A before-and-after study in four metropolitan EDs in New South Wales.

PARTICIPANTS:

1491 consecutive patients tested by standard multiplex PCR during July-December 2016, and 2250 tested by rapid PCR during July-December 2017.

MAIN OUTCOME MEASURES:

Hospital admissions; ED length of stay (LOS); test turnaround time; patient receiving test result before leaving the ED; ordering of other laboratory tests.

RESULTS:

Compared with those tested by standard PCR, fewer patients tested by rapid PCR were admitted to hospital (73.3% v 77.7%; P < 0.001) and more received their test results before leaving the ED (67.4% v 1.3%; P < 0.001); the median test turnaround time was also shorter (2.4 h [IQR, 1.6-3.9 h] v 26.7 h [IQR, 21.2-37.8 h]). The proportion of patients admitted to hospital was also lower in the rapid PCR group for both children under 18 (50.6% v 66.6%; P < 0.001) and patients over 60 years of age (84.3% v 91.8%; P < 0.001).

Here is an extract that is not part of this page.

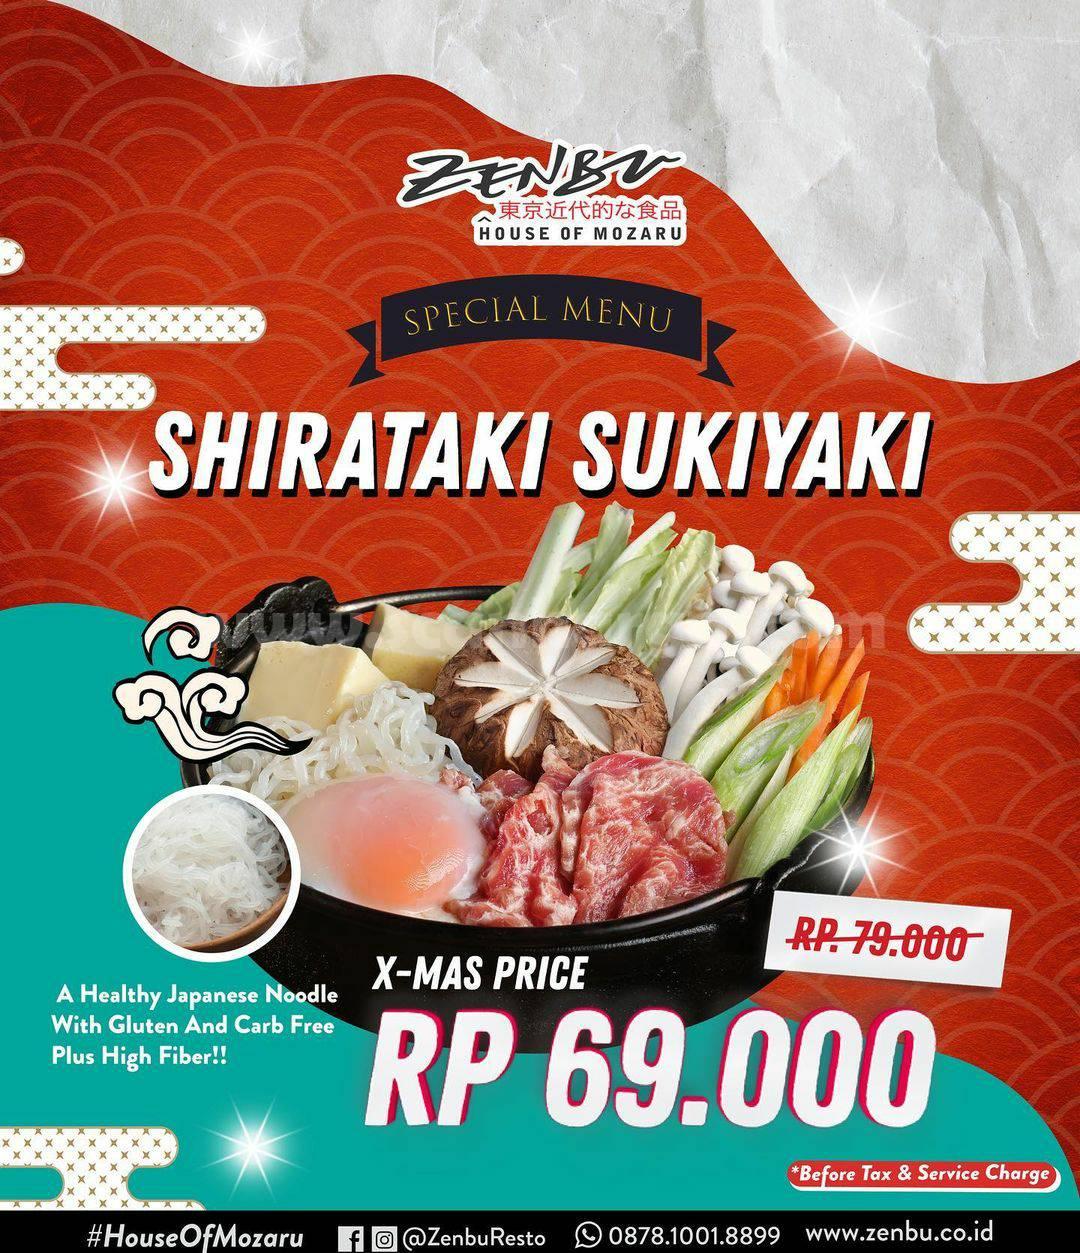 Promo Zenbu Resto X–Mas Edition Shirataki Sukiyaki Hanya Rp 69.000

Significantly fewer blood culture, blood gas, sputum culture, and respiratory bacterial and viral serology tests were ordered for patients tested by rapid PCR. ED LOS was similar for the rapid (7.4 h; IQR, 5.0-12.9 h) and standard PCR groups (6.5 h; IQR, 4.2-11.9 h; P = 0.27).

CONCLUSION:

Rapid PCR testing of ED patients for influenza virus and RSV was associated with better outcomes on a range of indicators, suggesting benefits for patients and the health care system. A formal cost-benefit analysis should be undertaken.